* _PROMPT_:
Reproduce only this range: the line holding "La dieta anti-infiammatoria" through the last line of the data below, both included, exactly, with no pictures.
====== STORED DATA ======
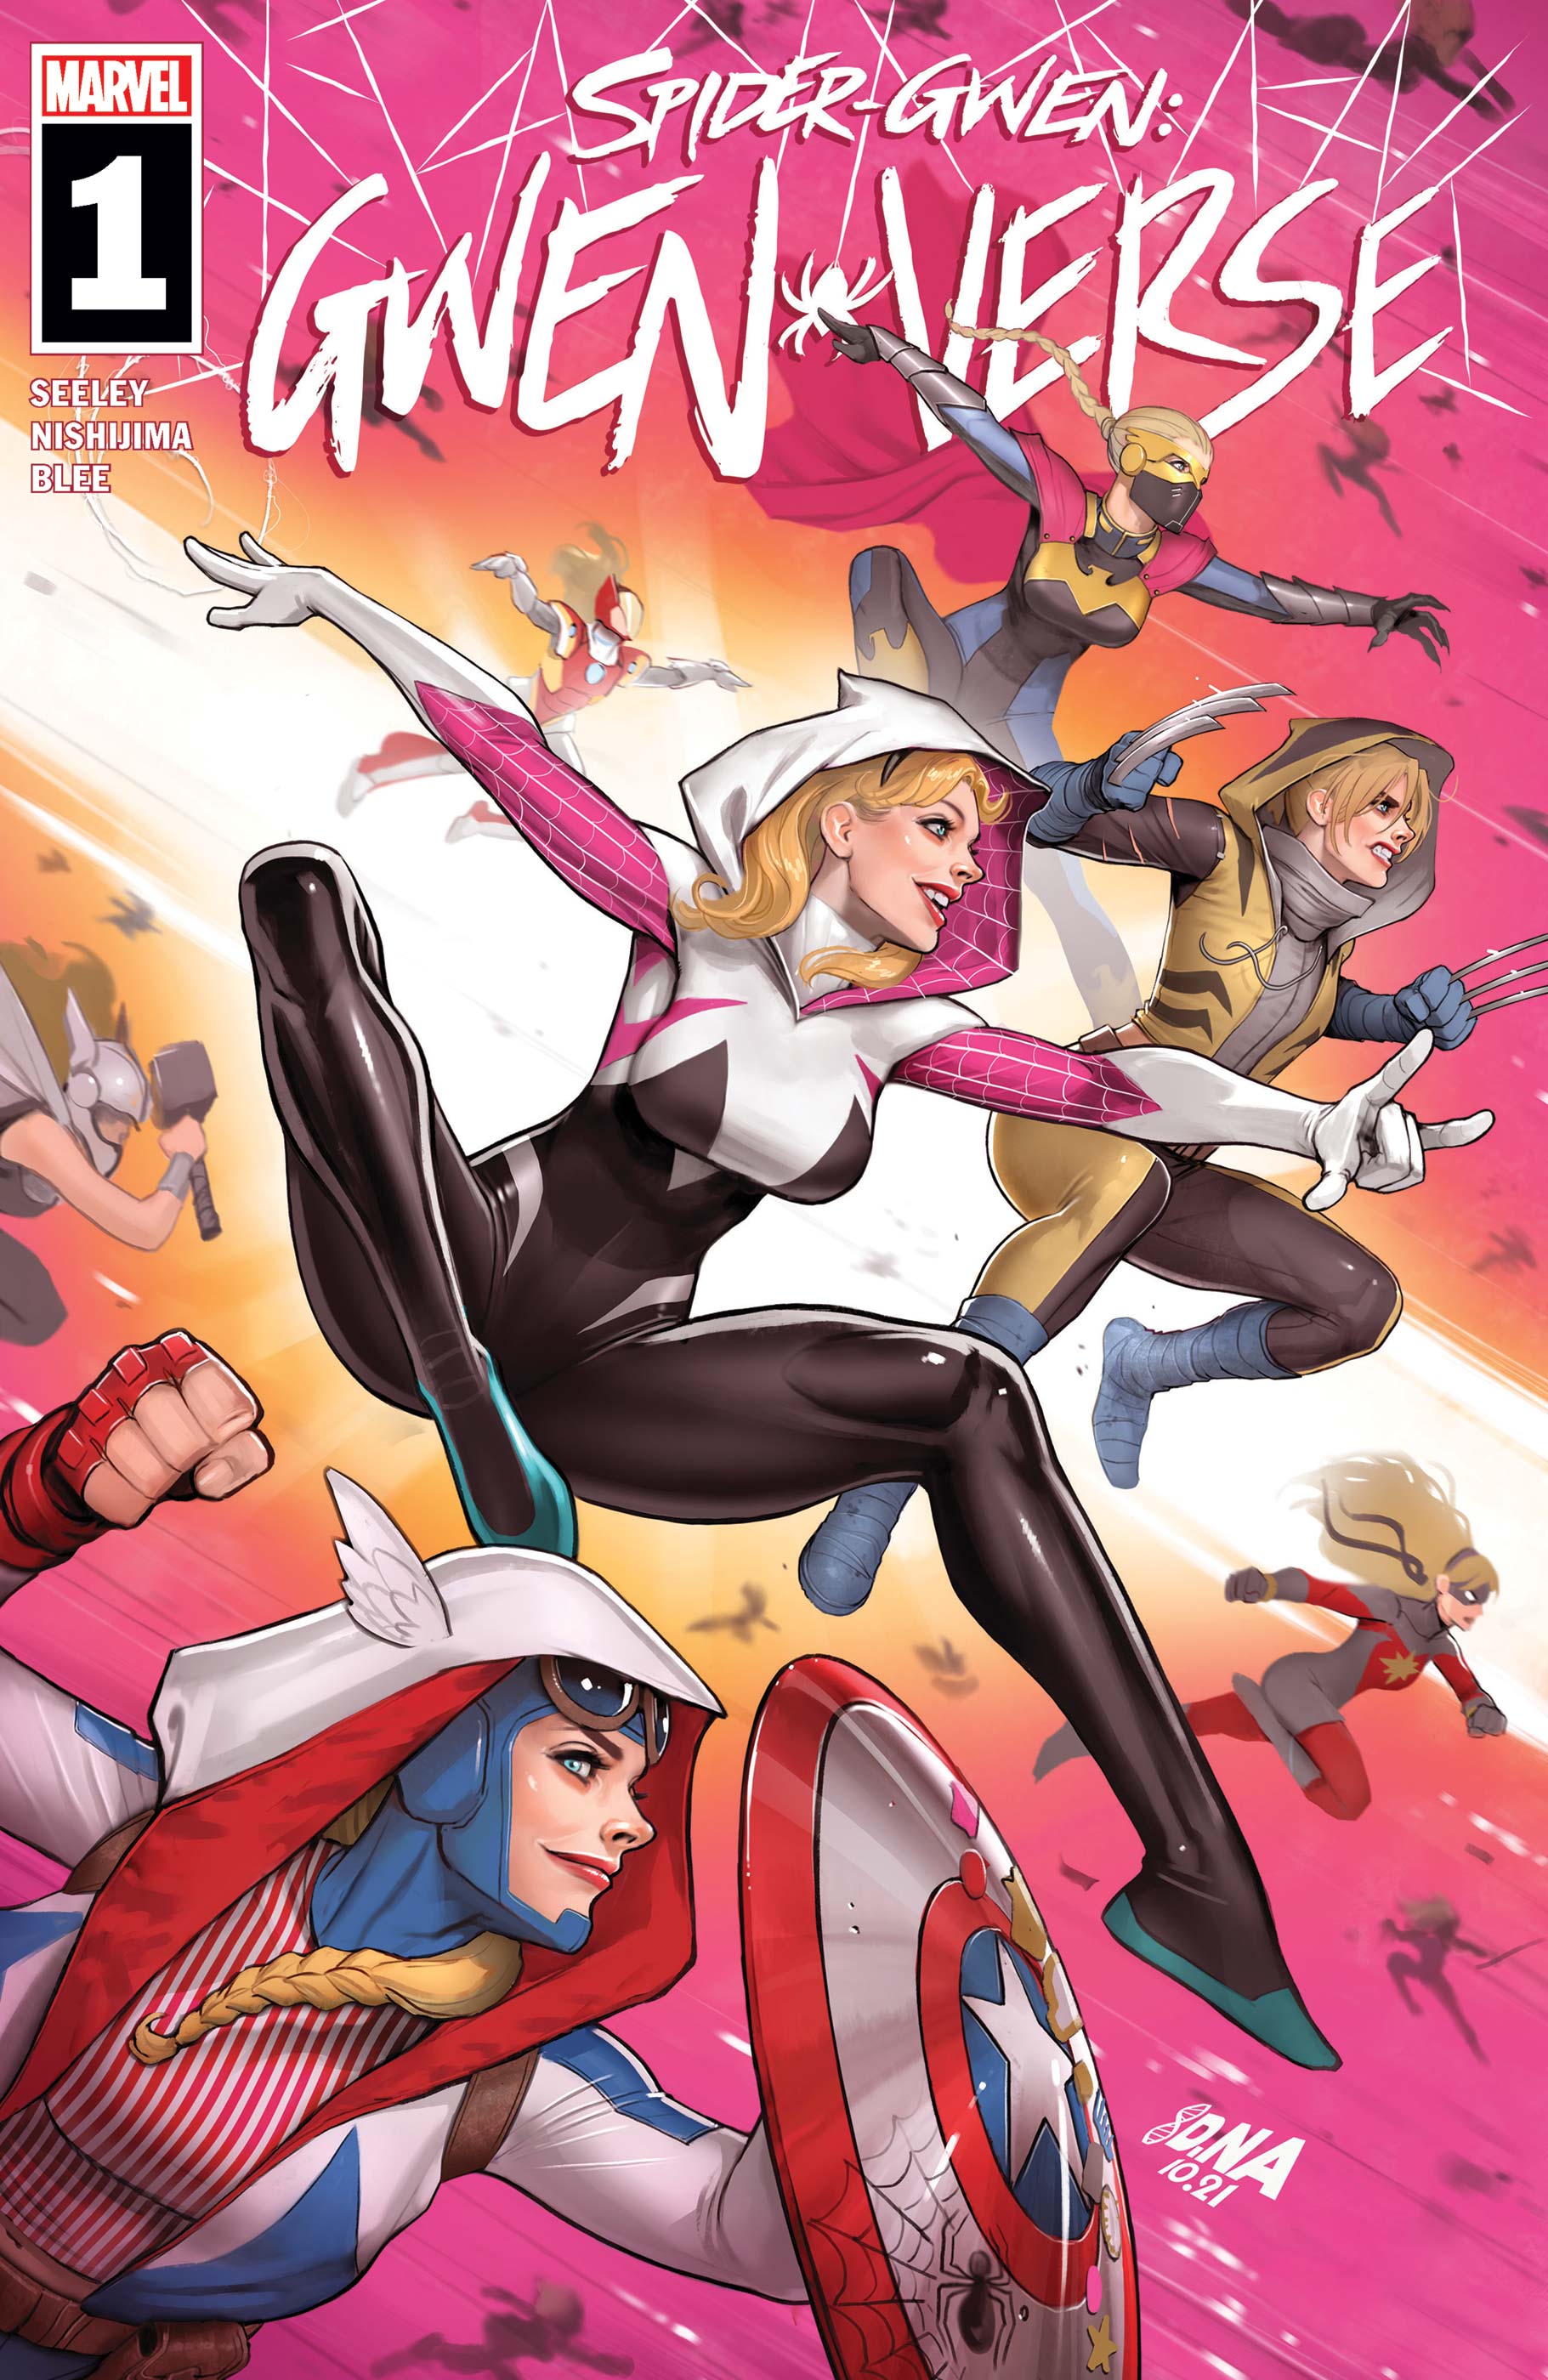 Spider-Gwen: Gwenverse (2022) #1
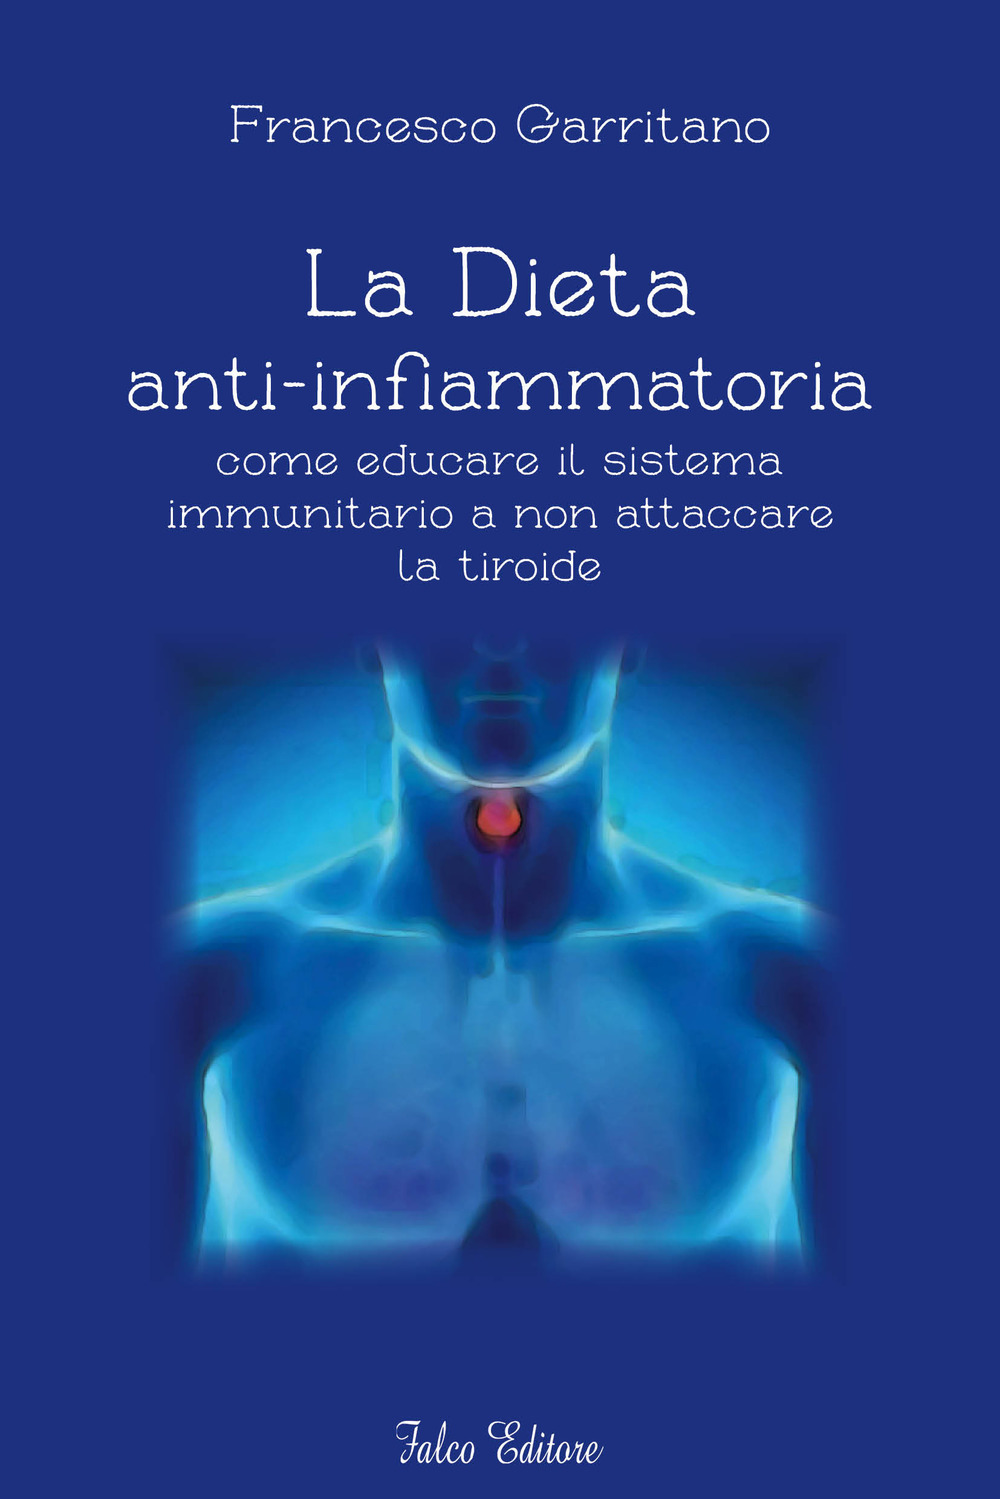 La dieta anti-infiammatoria come ducare il sistema immunitario a non attaccare la tiroide
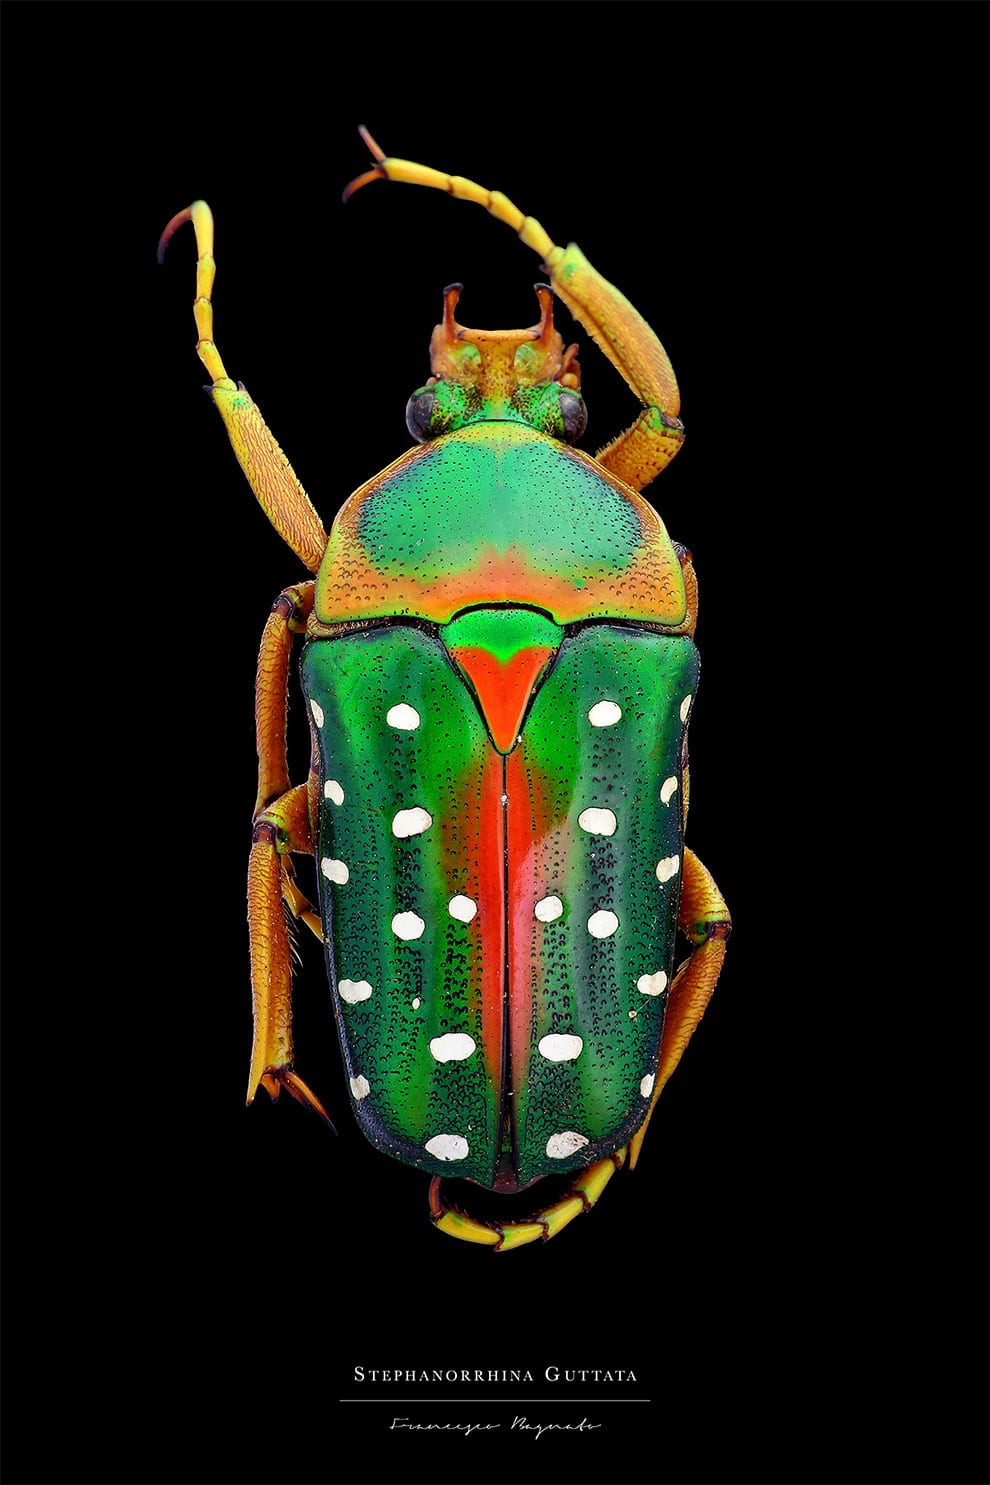 Los escarabajos más bellos del mundo
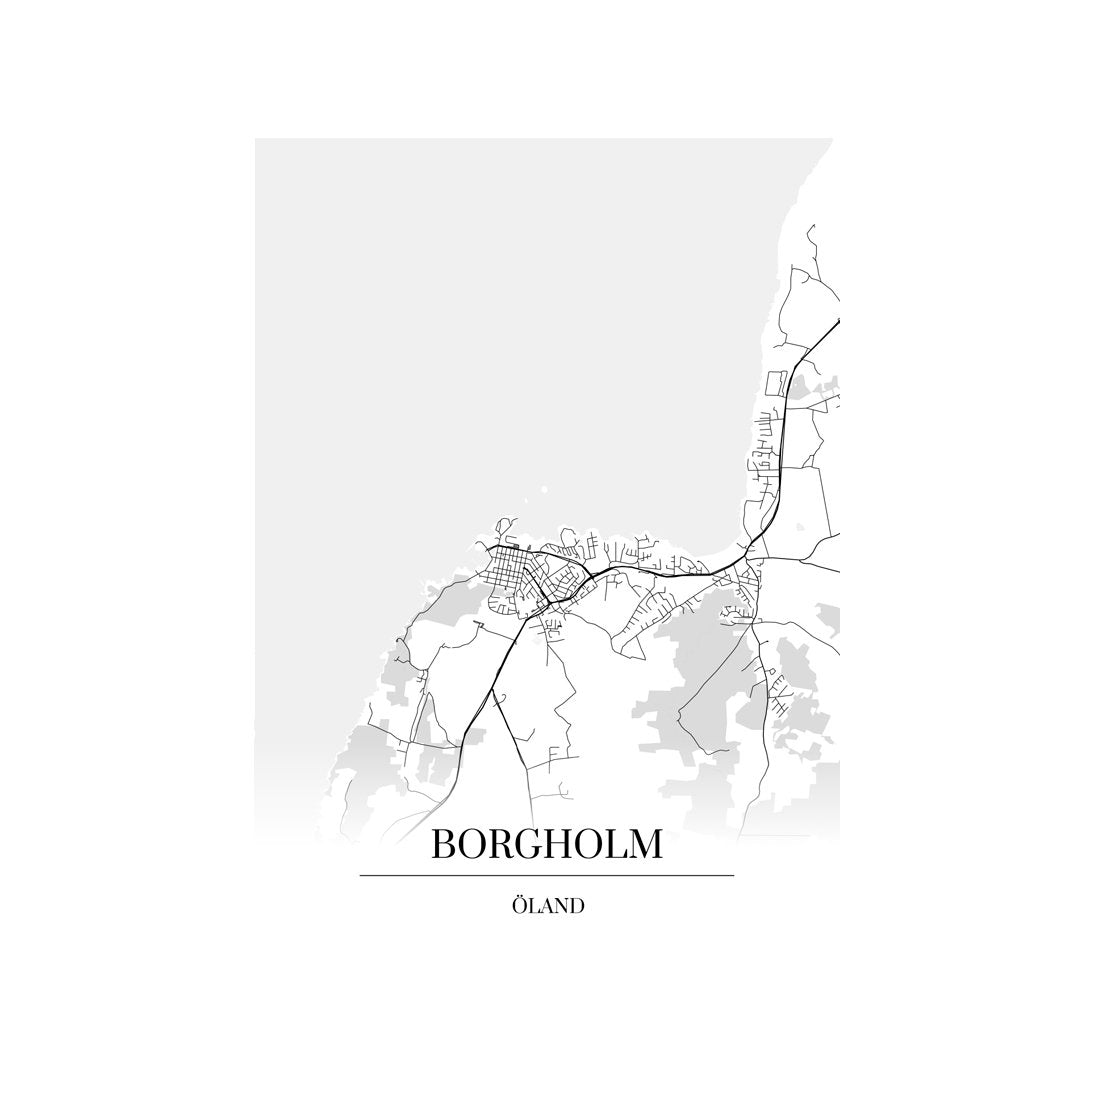 Borgholm
======
* _RESULT BELOW_:
 La dieta anti-infiammatoria come ducare il sistema immunitario a non attaccare la tiroide
 Los escarabajos más bellos del mundo
 Borgholm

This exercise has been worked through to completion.